Allgemeines zum 4. Buch der Psalmen
Das vierte Buch ist von dem dritten nicht so merklich unterschieden, wie es die drei ersten Bücher voneinander sind, und wie es besonders das dritte von den beiden ersten ist, indem das dritte prophetisch die Segnung ankündigt und einen Zustand der Dinge beschreibt, wo man das göttliche Einschreiten zur Einführung der vollen Segnung erwartet. Das erste Buch der Psalmen hat uns die Stellung des jüdischen Überrestes in ihren Grundzügen in Verbindung mit der Geschichte Christi gezeigt, das zweite Buch betrachtet die Juden als fern von Jerusalem; das dritte sieht Israel als Volk in sein Land zurückgebracht, jedoch noch nicht in die volle Segnung von Seiten Jehovas eingeführt; das vierte Buch vervollständigt dies, wie ich schon sagte, indem es den Messias als gekommen betrachtet. Dies verbindet die Nation mit Christo und stellt gleichzeitig ihre Verbindung mit Jehova wieder her. Das vierte Buch beginnt also mit Israels Verbindung mit Jehova; der Glaube erwartet, dass Er zurückkehrt und sie in die endgültige Segnung einführt, damit die Huld Jehovas über ihnen sei. Der zweite Psalm des Buches (Ps 91) zeigt die Verbindung Christi als Mensch in dieser Welt mit dem Volke, der dritte, (Ps 92) feiert in prophetischer Weise das große Endergebnis aller Wege Gottes mit Israel, was dann in Psalm 93-100 näher ausgeführt wird. Dann folgen in Psalm 101 und Ps 102 tief ergreifende Einzelheiten in bezug auf Christum, während in den Lobgesängen von Psalm 103 und Psalm 104 wieder das Endziel der Wege Gottes im Blick auf Israel und die Erde behandelt wird. Endlich sehen wir in Psalm 105 und Psalm 106, mit welchen das vierte Buch schließt, Gottes Handlungen mit Israel von Anfang an, und im Gegensatz dazu Israels Wege und Handlungen Jehova gegenüber.

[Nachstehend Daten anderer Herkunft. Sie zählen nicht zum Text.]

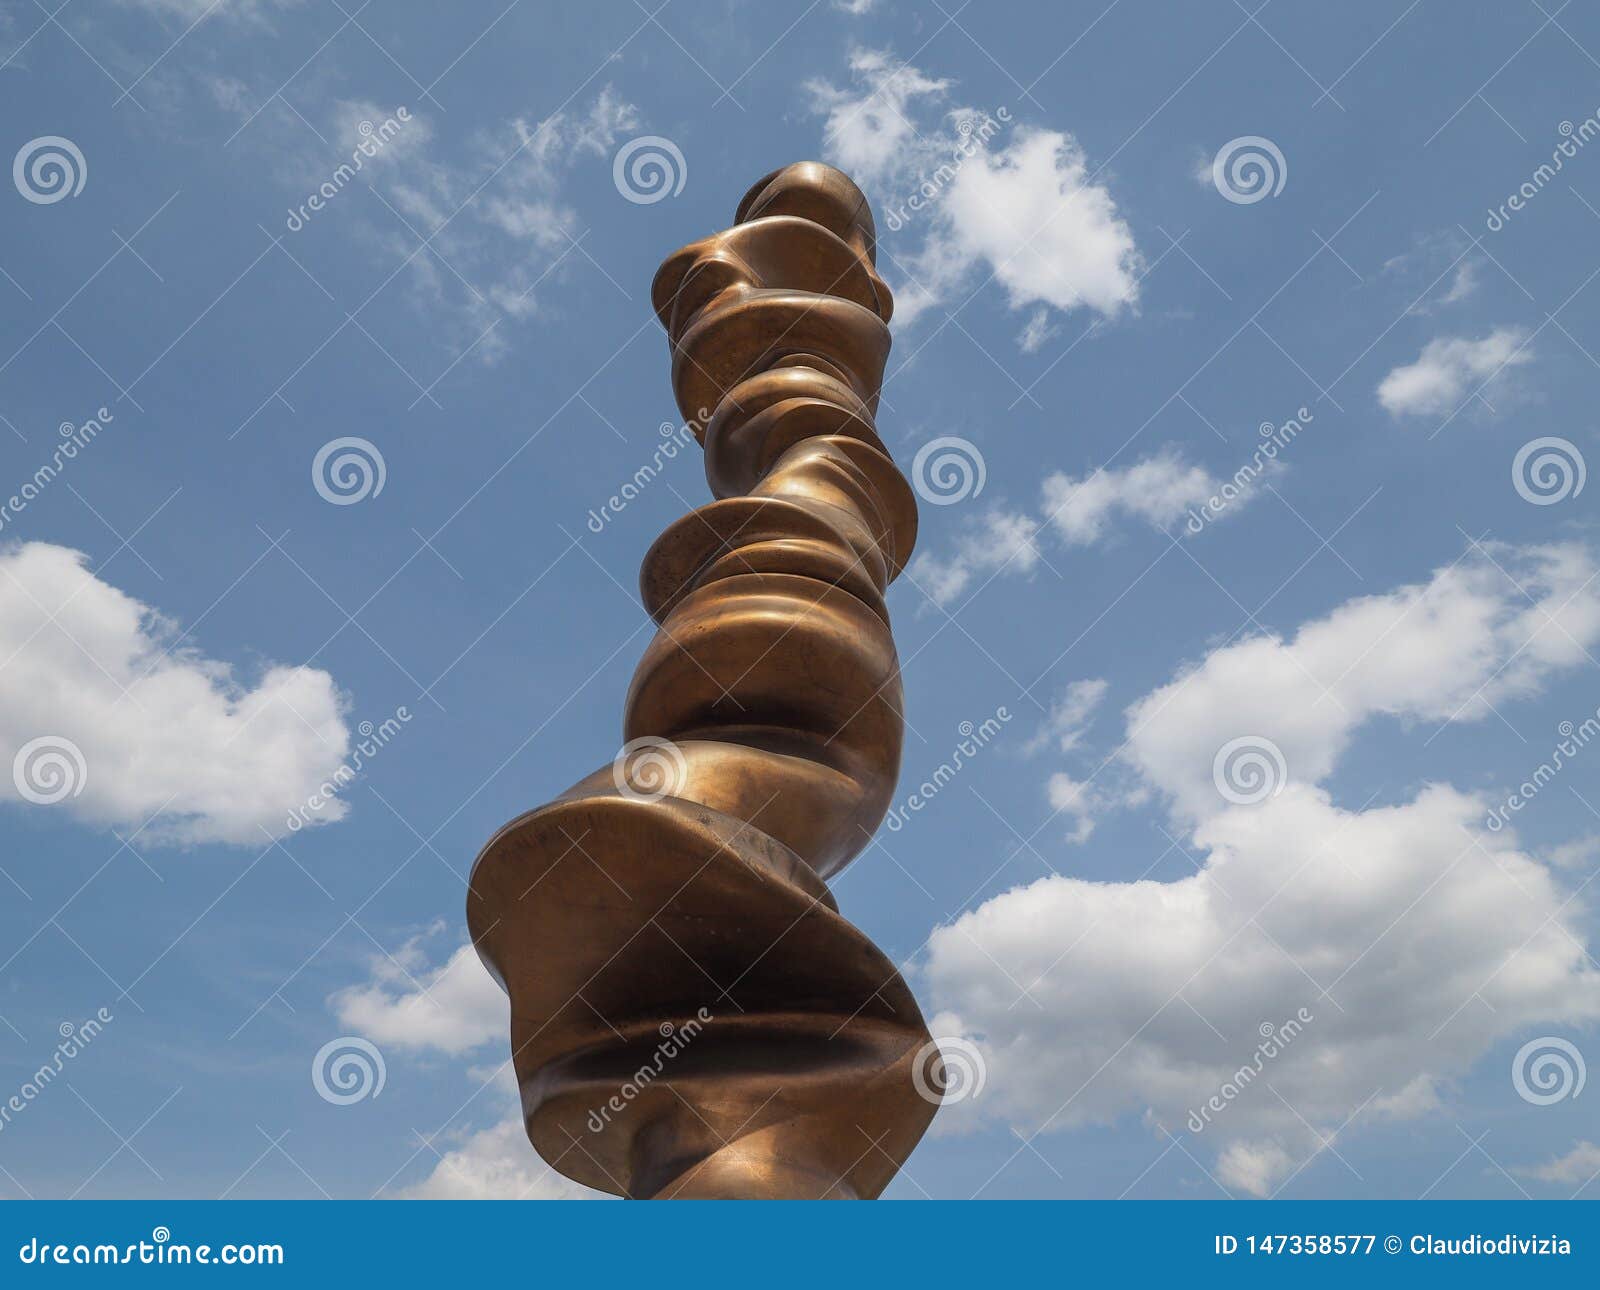 punti di vista (points of view) sculpture by tony cragg in turin
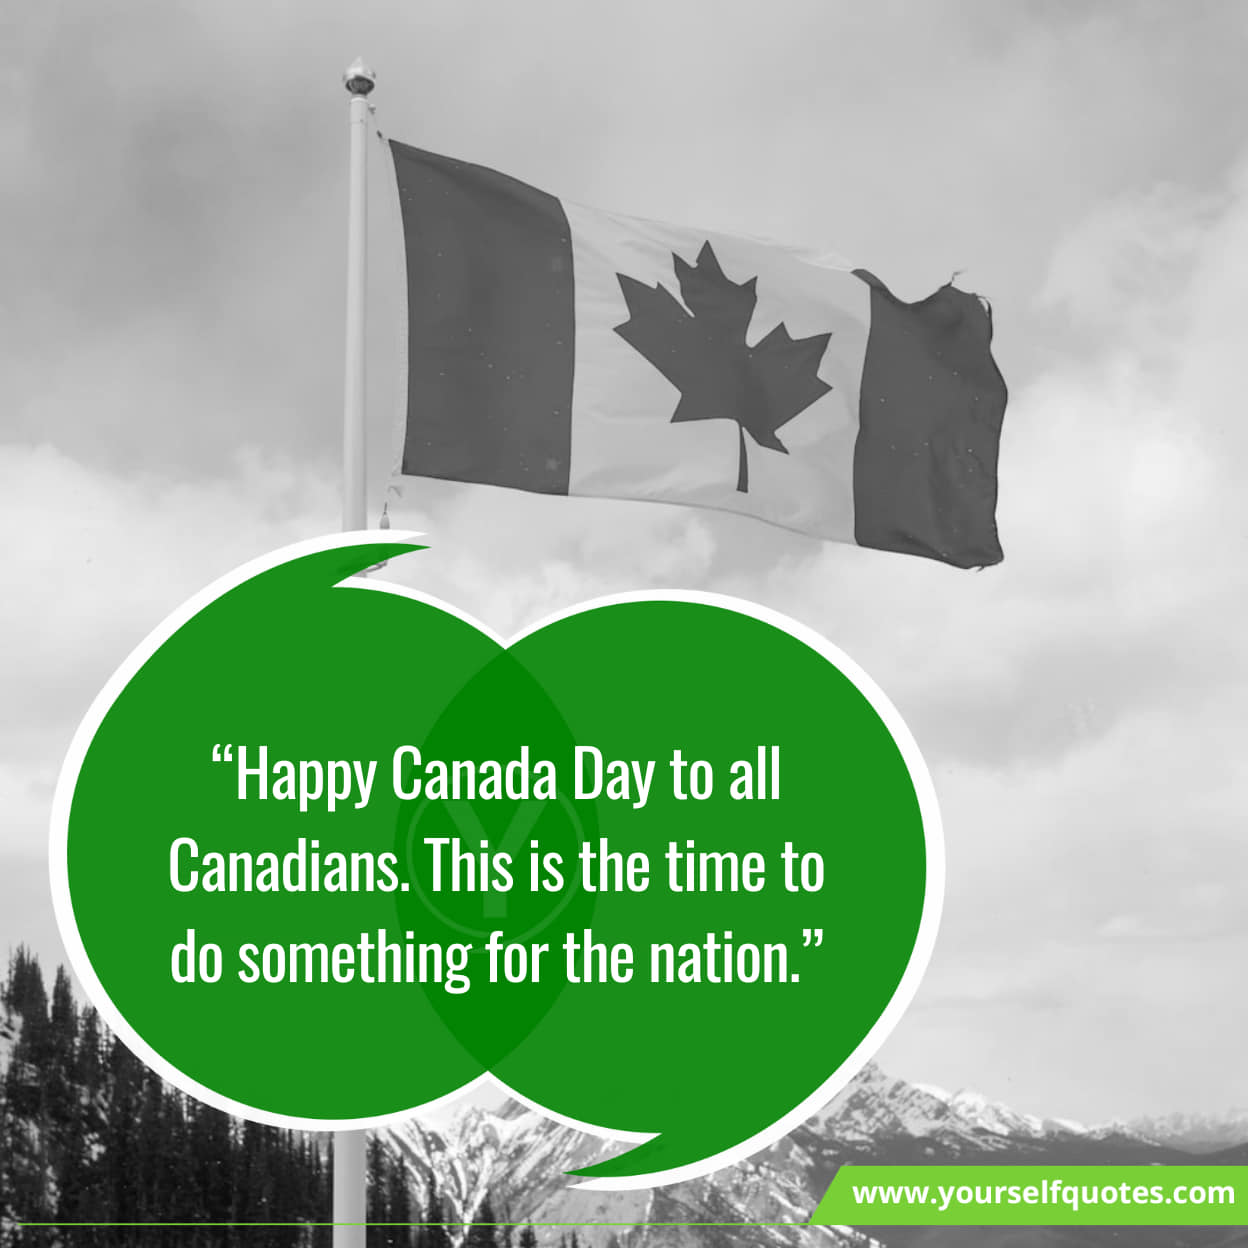 Best wishes for National Canada Day

Behandelter Abschnitt Ps 90
Der erste Psalm dieses Buches, Psalm 90, stellt also das Volk, d. h. den gläubigen, frommen Teil desselben, auf den Boden des Glaubens an Jehova und gibt dem Sehnen nach Befreiung und Segnung durch Seine Hand Ausdruck. Zunächst erkennt der gläubige Israelit Jehova an als die Wohnung Israels von Geschlecht zu Geschlecht, als ihre Zuflucht und Heimat. Sodann war Er der ewige Gott, ehe die Welt war, und Er lässt den Menschen kommen und gehen in einem Augenblick, wie es Ihm gefällt; für Ihn gibt es keine Zeit. Israel war verzehrt worden durch seinen Grimm. Doch das war noch nicht alles; obwohl Seine Macht unumschränkt war, handelte Er doch nicht nach Willkür, sondern Seine Wege waren der Ausdruck einer wahren und heiligen sittlichen Regierung. Und so finden wir in unserem Psalm nicht nur ein unumwundenes Bekenntnis offenbarer Sünden und Fehltritte, sondern die Anerkennung der heiligen Regierung Gottes, die auch das verborgene Tun des Menschen vor das Licht Seines Angesichts stellt (denn so handelt Gott, Ihm sei Dank dafür, dass Er es tut!); ihre Tage schwanden dahin durch Seinen Grimm. Aber sie wünschen, dass der Stolz ihres Herzens dadurch gebrochen werde und sie ihrer Schwachheit und Sterblichkeit eingedenk sein mögen, damit alle Selbstzufriedenheit, die dem natürlichen Herzen so eigen ist, für immer abgetan sei und das Herz sich der Weisheit, der Furcht Gottes, zuwende. Dass der Mensch so an seinen wahren Platz gestellt und Gott Sein Platz eingeräumt wird, und zwar in Verbindung mit einem Glauben, wie derjenige Israels an Jehova, das ist reich an Unterweisung im Blick auf die moralische Stellung, die sich für den Überrest in den letzten Tagen geziemt; dem Grundsatz nach ist es stets wahr. So schaut also der Überrest nach Jehova aus, dass Er zurückkehre und sie befreie - der Glaube fragt: bis wann? - und dass Seinen Knechten Sein Tun erscheinen möge, wie auch die Prüfung von Ihm gekommen war; ja, dass die Huld Jehovas, ihres Gottes, über ihnen sein und das Werk ihrer Hände durch Ihn befestigt werden möge. Es ist wahrer Glaube infolge der Beziehung zu Gott, jedoch zu Gott als dem Höchsten in Seiner heiligen Regierung auf Erden; als solcher aber ist Er der Gott Israels.